With [MacPorts](https://www.macports.org) you can install support for individual languages, like so:

```
$ sudo port install tesseract-

```

But that is not possible with [Homebrew](https://brew.sh). It comes only with **English** support by default, so if you intend to use it for other language, the quickest solution is to install them all:

```
$ brew install tesseract tesseract-lang

```

Usage
-----

[](#usage)

### Basic usage

[](#basic-usage)

[![](./tests/EndToEnd/images/text.png "The quick brown fox jumps over the lazy dog.")](./tests/EndToEnd/images/text.png)

```
use thiagoalessio\TesseractOCR\TesseractOCR;
echo (new TesseractOCR('text.png'))
    ->run();
```

```
The quick brown fox
jumps over
the lazy dog.

```

### Other languages

[](#other-languages)

[![](./tests/EndToEnd/images/german.png "Bülowstraße")](./tests/EndToEnd/images/german.png)

```
use thiagoalessio\TesseractOCR\TesseractOCR;
echo (new TesseractOCR('german.png'))
    ->lang('deu')
    ->run();
```

```
Bülowstraße

```

### Multiple languages

[](#multiple-languages)

[![](./tests/EndToEnd/images/mixed-languages.png "I eat すし y Pollo")](./tests/EndToEnd/images/mixed-languages.png)

```
use thiagoalessio\TesseractOCR\TesseractOCR;
echo (new TesseractOCR('mixed-languages.png'))
    ->lang('eng', 'jpn', 'spa')
    ->run();
```

```
I eat すし y Pollo

```

### Inducing recognition

[](#inducing-recognition)

[![](./tests/EndToEnd/images/8055.png "8055")](./tests/EndToEnd/images/8055.png)

```
use thiagoalessio\TesseractOCR\TesseractOCR;
echo (new TesseractOCR('8055.png'))
    ->allowlist(range('A', 'Z'))
    ->run();
```

```
BOSS

```

### Breaking CAPTCHAs

[](#breaking-captchas)

Yes, I know some of you might want to use this library for the *noble* purpose of breaking CAPTCHAs, so please take a look at this comment:

API
---

[](#api)

### run

[](#run)

Executes a `tesseract` command, optionally receiving an integer as `timeout`, in case you experience stalled tesseract processes.

```
$ocr = new TesseractOCR();
$ocr->run();
```

```
$ocr = new TesseractOCR();
$timeout = 500;
$ocr->run($timeout);
```

### image

[](#image)

Define the path of an image to be recognized by `tesseract`.

```
$ocr = new TesseractOCR();
$ocr->image('/path/to/image.png');
$ocr->run();
```

### imageData

[](#imagedata)

Set the image to be recognized by `tesseract` from a string, with its size.
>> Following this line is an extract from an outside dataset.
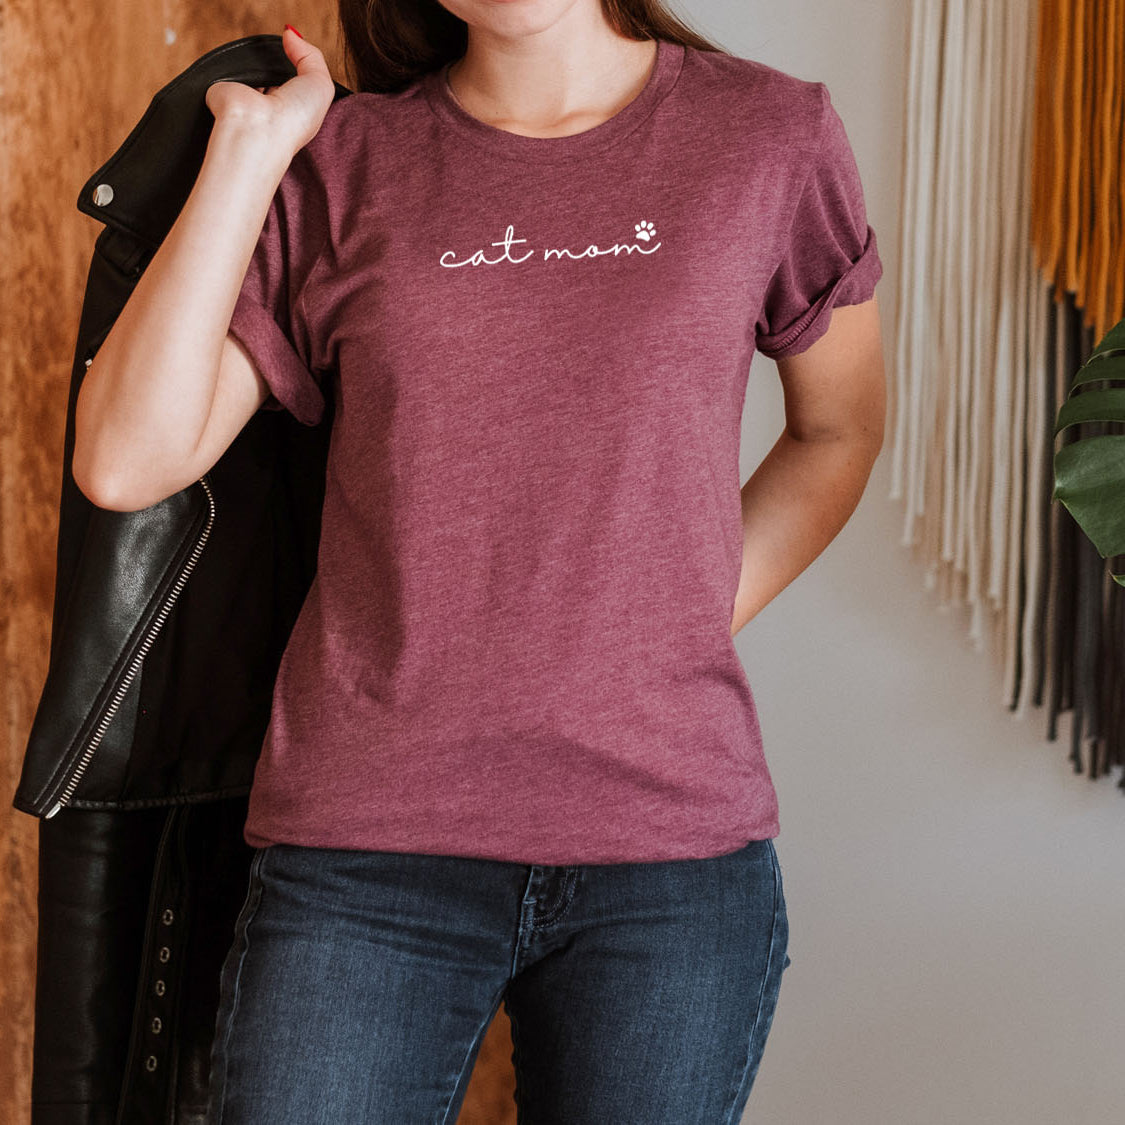 Cat Mom Small Letters T-shirt - Fun Pet Love Minimal Design Printed Tee Shirt

This can be useful when dealing with files that are already loaded in memory. You can easily retrieve the image data and size of an image object :

```
//Using Imagick
$data = $img->getImageBlob();
$size = $img->getImageLength();
//Using GD
ob_start();
// Note that you can use any format supported by tesseract
imagepng($img, null, 0);
$size = ob_get_length();
$data = ob_get_clean();

$ocr = new TesseractOCR();
$ocr->imageData($data, $size);
$ocr->run();
```

### executable

[](#executable)

Define a custom location of the `tesseract` executable, if by any reason it is not present in the `$PATH`.

```
echo (new TesseractOCR('img.png'))
    ->executable('/path/to/tesseract')
    ->run();
```

### version

[](#version)

Returns the current version of `tesseract`.

```
echo (new TesseractOCR())->version();
```

### availableLanguages

[](#availablelanguages)

Returns a list of available languages/scripts.

```
foreach((new TesseractOCR())->availableLanguages() as $lang) echo $lang;
```

**More info:**

### tessdataDir

[](#tessdatadir)

Specify a custom location for the tessdata directory.

```
echo (new TesseractOCR('img.png'))
    ->tessdataDir('/path')
    ->run();
```

### userWords

[](#userwords)

Specify the location of user words file.

This is a plain text file containing a list of words that you want to be considered as a normal dictionary words by `tesseract`.

Useful when dealing with contents that contain technical terminology, jargon, etc.

```
$ cat /path/to/user-words.txt
foo
bar

```

```
echo (new TesseractOCR('img.png'))
    ->userWords('/path/to/user-words.txt')
    ->run();
```

### userPatterns

[](#userpatterns)

Specify the location of user patterns file.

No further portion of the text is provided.